Re: [PATCH] Add support to HTTP proxy operation

From: Willy Tarreau <w#1wt.eu>
Date: Sat, 29 Sep 2007 11:34:46 +0200


Hi Alex,

On Tue, Sep 25, 2007 at 03:46:13PM +0200, Alexandre Cassen wrote:
> Hi,
>
> The following patch add support to HTTP proxy processing. You can set
> backend in this operation mode by using "option proxy".

Well, that seems reasonable to me. Following the same principle, you may be interested in implementing the CONNECT method as described in RFC2817. It's mostly trivial, you have :

CONNECT ip:port HTTP/1.[01]
[some potential headers, all useless for us] [empty line]
--- And now it's just like a TCP connection ---

> Current code
> doesn't support asynchonous dns resolution while processing incoming
> client request. It only support plain IP address processing.

I understand that for some specific usages, it's not a big problem. HAproxy is a reverse-proxy, targetted at outside-to-inside usages, and sometimes inside-to-inside, but its main users do not really need a inside-to-outside proxy (squid does it very well).
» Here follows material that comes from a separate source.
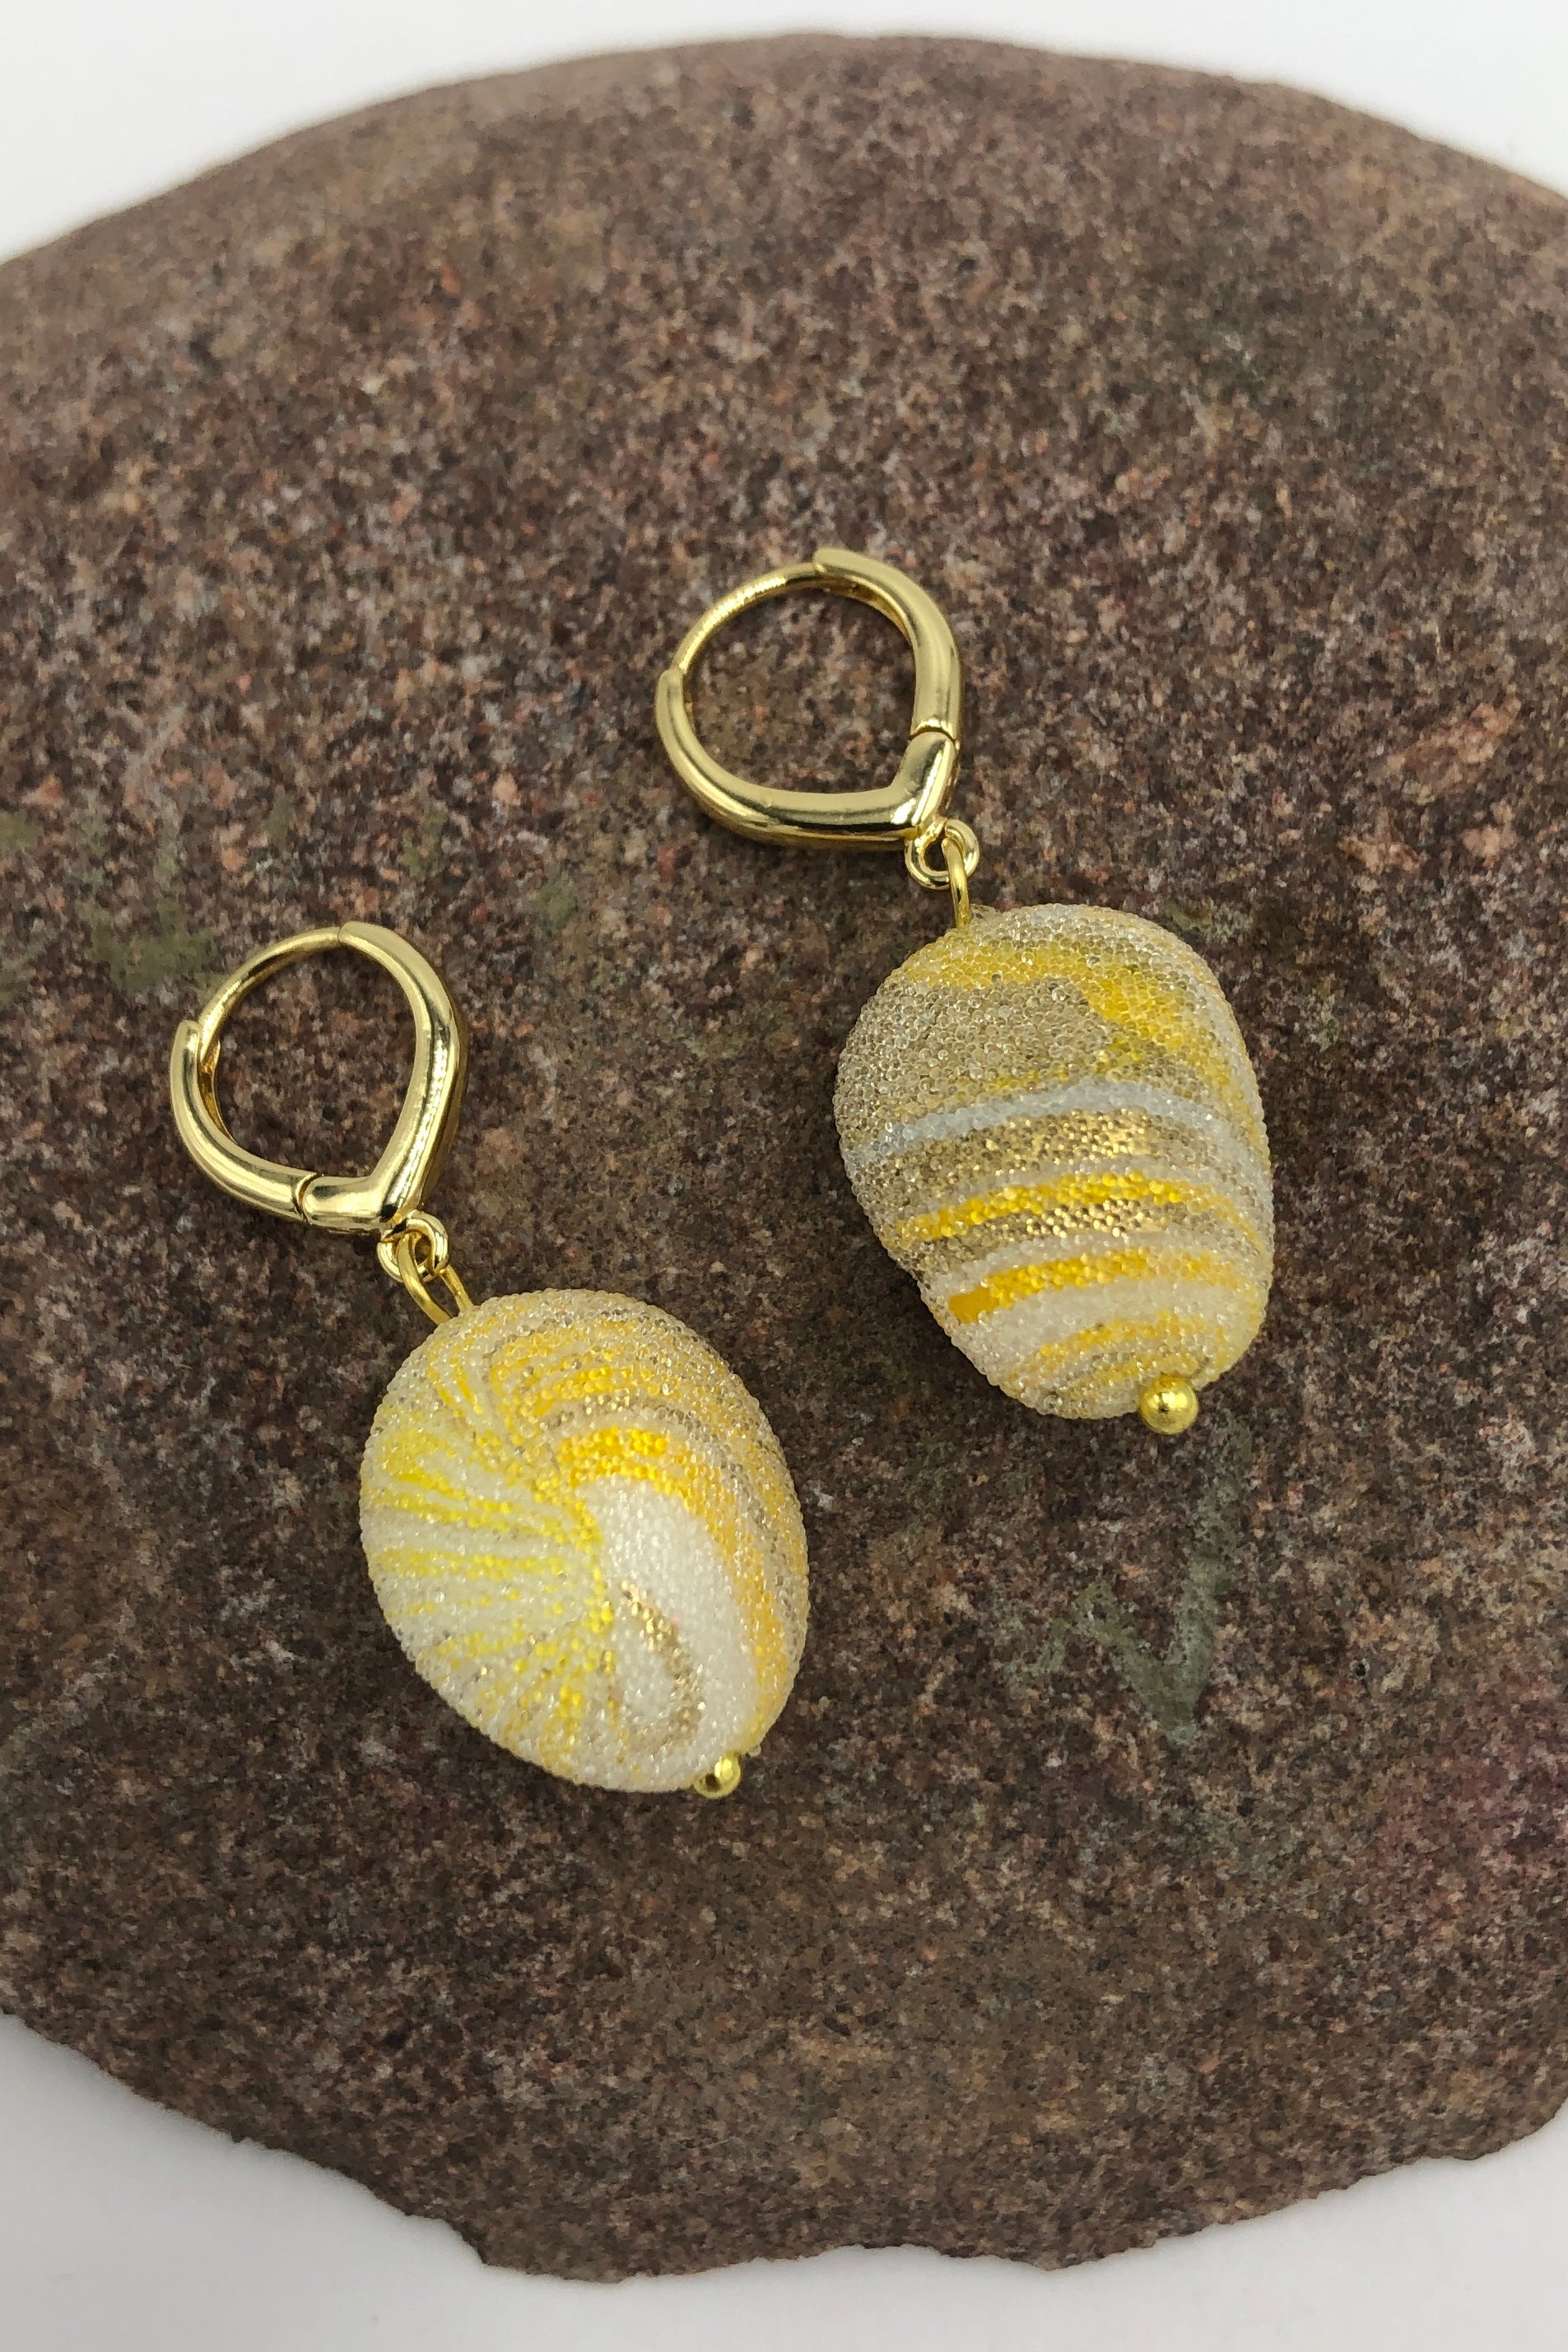 yellow and gold swirl earrings on a rock

I have a few comments on the patch.

> Index: src/backend.c
> ===================================================================
> --- src/backend.c (révision 2)
> +++ src/backend.c (révision 3)
> @@ -163,7 +163,13 @@
> return SRV_STATUS_INTERNAL;
>
> if (!(s->flags & SN_ASSIGNED)) {
> - if (s->be->options & PR_O_BALANCE) {
> + if (s->be->options & PR_O_HTTP_PROXY) {
> + if (s->srv_addr.sin_addr.s_addr == 0)
> + return SRV_STATUS_NOSRV;
> + s->flags |= SN_ASSIGNED;
> + return SRV_STATUS_OK;
> + }
> + else if (s->be->options & PR_O_BALANCE) {
> if (s->flags & SN_DIRECT) {
> s->flags |= SN_ASSIGNED;
> return SRV_STATUS_OK;

As much as possible, I *try* to put the most common cases in the very first ifs, in order to reduce the number of tests. Thus, I would prefer PR_O_HTTP_PROXY option to be checked *after* PR_O_BALANCE if that is still compatible with the way it works.

> @@ -228,7 +234,15 @@
> fprintf(stderr,"assign_server_address : s=%p\n",s);
> #endif
>
> - if ((s->flags & SN_DIRECT) || (s->be->options & PR_O_BALANCE)) {
> + /*
> + * If HTTP PROXY option is set, then server is already assigned
> + * during incoming client request parsing.
> + */
> + if (s->be->options & PR_O_HTTP_PROXY) {
> + s->flags |= SN_ADDR_SET;
> + return SRV_STATUS_OK;
> + }
> + else if ((s->flags & SN_DIRECT) || (s->be->options & PR_O_BALANCE)) {
> /* A server is necessarily known for this session */
> if (!(s->flags & SN_ASSIGNED))
> return SRV_STATUS_INTERNAL;

Same here.

> +static int get_ip_address_from_uri(const char *addr, const char *end, unsigned long *dst)
> +{
> + static char digits[] = "0123456789";
> + int saw_digit, octets, ch;
> + u_char tmp[4], *tp;
> + const char *cp = addr;
> +
> + saw_digit = 0;
> + octets = 0;
> + *(tp = tmp) = 0;
> +
> + while (addr != end && (ch = *addr++) != '/' && ch != ':') {
> + const char *pch;
> + if ((pch = strchr(digits, ch)) != NULL) {
> + u_int new = *tp * 10 + (pch - digits);
> + if (new > 255)
> + return 0;

Strictly speaking, this test is not correct. An IP address may very well be a simple 32bit integer. Most implementations validate a host number on any network, which means that all those addresses are valid and equivalent (try them with ping) :

    192.168.1.13    => host 13 on network 192.168.1
    192.168.269     => host 269 on network 192.168
    192.11010317    => host 11010317 on network 192
    3232235789      => host 3232235789 on global network

Not many people use them, except for local addresses with many zeroes inside them, eg: 127.1, 10.1, ...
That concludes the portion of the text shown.